Most thinkers prior to Nietzsche assume that there is a natural connection between the language and the reality. In truth, it is more likely an accident, rather than an actual inherent connection between language and being. This connection is established arbitrarily, and over time, becomes the convention. There is a value judgment presented in language, and as such, the connection is not natural, per se.
As an example, you encounter a certain kind of food with a strong odor. You present it to a Filipino, his initial reaction is “sniff, sniff, hmm...” an American would probably say, “sniff, sniff, hmm...” yet when a Filipino finally eats this food, they'll say, “masarap”, while an American would say “rotten”. This food, we understand is bagoong.
What Nietzsche underscores here is that due to the arbitrary nature of language, there is nothing that prevents one from naming an object as they please, save that the judgment is going to become consistent with one's initial judgment upon initial contact. This of course presupposes some measure of relativity between the one who says something and the one who is understanding what is being said. It is not a correspondence between language and reality, but a correspondence between the initial judgment one comes up with, and the subsequent linguistic pronouncement.
Truth or falsity is not the important thing in language. What is important is whether or not your language is creative.
Recall the “pain” example, where is the creativity in language? Suppose you say that “life is all pain and all suffering.” Suppose you say “no pain, no glory.” We see that language is allowed to elaborate on something beyond a direct experience. Both instances are creative ways of looking at the same thing, albeit the latter is “creative” in a more literal sense, vis-a-vis how “destructive” the former exhortation actually is.
After a while, this creative language one fashions becomes worn out. The metaphor is exhausted. This is why it has to be destroyed at a certain point, much with how a coin is melted after some time to be reshaped into a new coin after its design is worn out over the years. The language has to be able to catch the uniqueness of each moment, and this leads to the wearing out of language over time, and hence, the call for what Derrida ends up calling a “deconstruction”.
Each language, as we see, represents a certain worldview, complete with a certain matrix of values. This is why we can say that a language cannot easily be translated from one language to another, such as the verse or harmony of a poem, when translated to another language, insofar as the rhyme, meter, even the imagery of one cannot be transposed to another.
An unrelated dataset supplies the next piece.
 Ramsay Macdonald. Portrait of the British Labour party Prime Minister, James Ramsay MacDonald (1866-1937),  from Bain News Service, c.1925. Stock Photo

Try translating this into Filipino: her scarlet dress stood out in contrast to her maroon blush and her auburn hair. The crimson trail of her blood followed her as she struggled to open the vermillion curtains.
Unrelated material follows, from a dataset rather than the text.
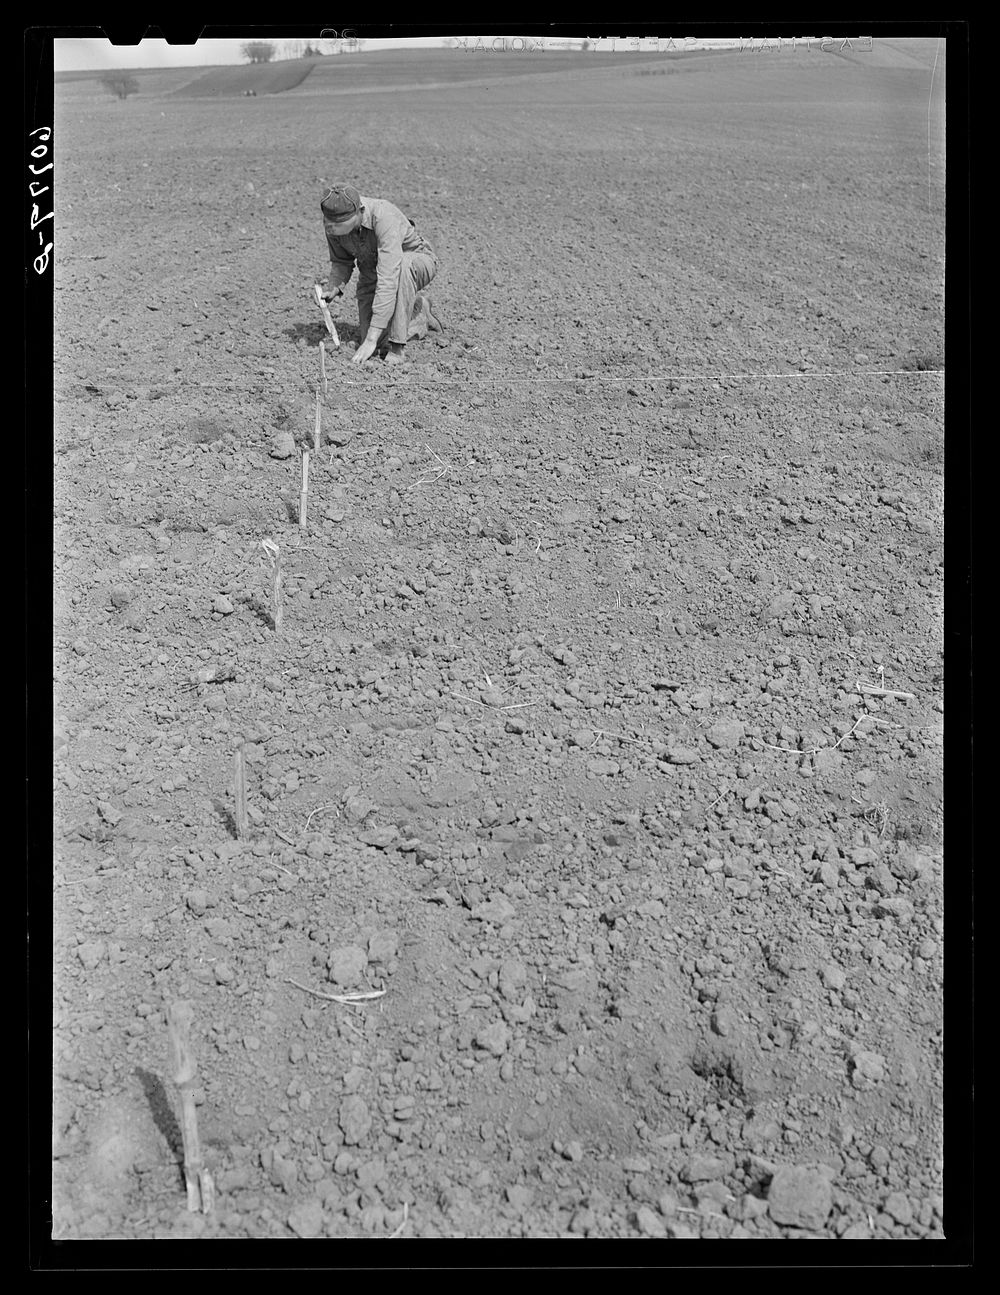 Checking the corn in hills. A cornstalk is placed at every spot where the planter dropped corn to determine whether check…

.:The Limits Of Language:.
We say that through language, we can penetrate all of reality. As we see in a rather extensive discussion of language, we understand that this is simply not as true as we wish to believe it to be. Each language precisely limits you to a certain worldview and a certain context that is not a simple matter of correspondence or transposition, much like the “ka-” phenomenon that seems very unique to Filipinos in most of its interpersonal vocabulary.
It is the rules of the language which determines what is real and unreal to it. These rules are not necessarily going to correspond with the actual reality, much like the rules of football prohibit a player from holding the ball with their hand, but this is an artificial imposition that does not stand in every single situation in life, particularly for those outside the context of a football game.
Language stands as a filter, a barrier of signs that we have to undertake in order to communicate from one subjectivity to another. It is not a soul-to-soul communication, but a mediated communication through a system of signs, that is, language.
Each language is composed of elements or signs, and these elements form a certain system, mostly a correspondence of opposition, such as true-false, right-wrong, good-evil. The way to communicate between subjectivities is to pick certain signs among a myriad of them, and you cannot directly open yourself without any mediation. That you cannot open yourself to each other without this mediation means that there is room for misinterpretation, miscommunication, and distortion in our attempt to string together signs to convey what we intend to convey.
As a philosophy student, you don't just jump into philosophizing. You have to mediate through specific thinkers, be it Plato or Aristotle or Aquinas or Descartes or whoever else. Each thinker couches language in a certain way, and eventually, we find ourselves falling within the same limitations that they found themselves in. As such, things become a matter of interpretation, as these discussions are not entrenched in reality, but within a specific context.
For instance, if you've never read a comic book, exactly what is the real identity of Robin? More often than not, the answer would be Dick Grayson, despite the fact that he has not been Robin since 1970 or so. Only people who take the time out to know about comic books would be able to know it's Tim Drake at this point, and it has been this way for two decades already. We only know what presents itself to us, and this knowledge, much like the useless trivia we read about daily, simply does not present itself to us, and the same can be said of language: there are things that will never present themselves to us because we cannot truly encounter them in our linguistic world.
.:Quotable Quotes:.
“Mr. President, what is your favorite color?”
“Fuchsia.”
“Sir? How do you spell that?”
“F-u-c... -s-... anak ng fuchsia! My favorite color is red. R-e-d. Red!”